Sweden is helping Montenegro dispose of 26 tonnes of napalm that was stored at a military facility in the Bay of Kotor, a popular tourist destination on its Adriatic coast.

The napalm was deactivated along with more than 100,000 litres of old rocket fuel by experts from the Swedish company SAKAB, Montenegro’s defence ministry said in a statement.

It is to be transported in special containers to Gothenburg, after which it will be transported to a chemical disposal site in central Sweden where it will be destroyed later this week.

“It will take place at our facility in Kumla,” said SAKAB’s Stefan Holm to the TT news agency.

Holm is responsible for industrial chemicals at SAKAB and says that handling napalm isn’t any more complicated that the company’s regular activities.

“It happens through a high temperature incineration, so that it’s broken down into its basic components,” he said of the napalm disposal process.

The project was jointly conducted by the Montenegrin government, the United Nations Development Programme (UNDP) and the Organization for Security and Cooperation in Europe (OSCE), the statement said.

Montenegro, a former Yugoslav republic of some 650,000 inhabitants which hopes to turn its Adriatic coast into a tourist Mecca, still needs to destroy almost 10,000 tonnes of conventional ammunition.
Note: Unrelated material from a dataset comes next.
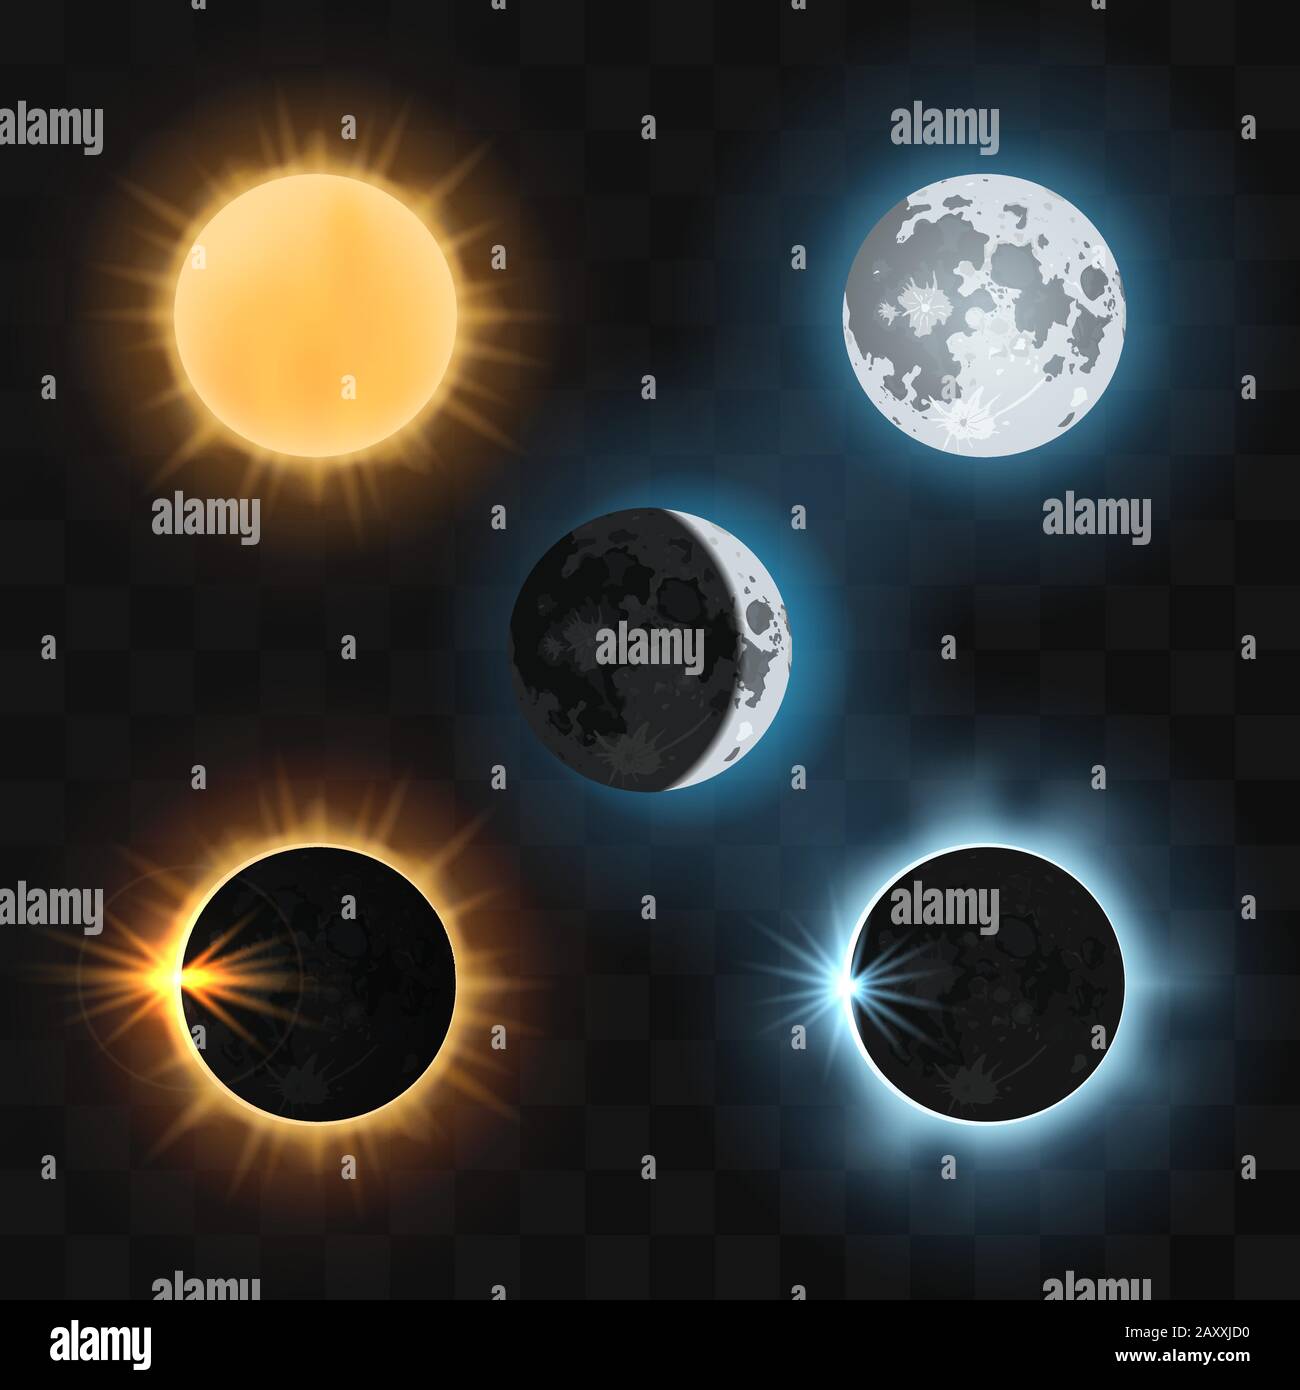 Sonne und Mond sowie Sonne und Mond werden in den Schatten gestellt. Sonnenfinsternis, Mondfinsternis, dunkle Sonnenfinsternis oder Mond, Naturfinsternis Sonne und Mond. Vektorgrafiken Stock Vektor

Since breaking away from a union with Serbia in a historic independence referendum in 2006, Montenegro has set its sights on joining the North Atlantic Treaty Organization (NATO).

So far it has joined NATO’s Partnership for Peace programme, seen as the first step towards full membership in the military alliance.

Napalm, an explosive phosphorous gel used widely by US forces during the Vietnam war, was banned in a 1980 UN convention.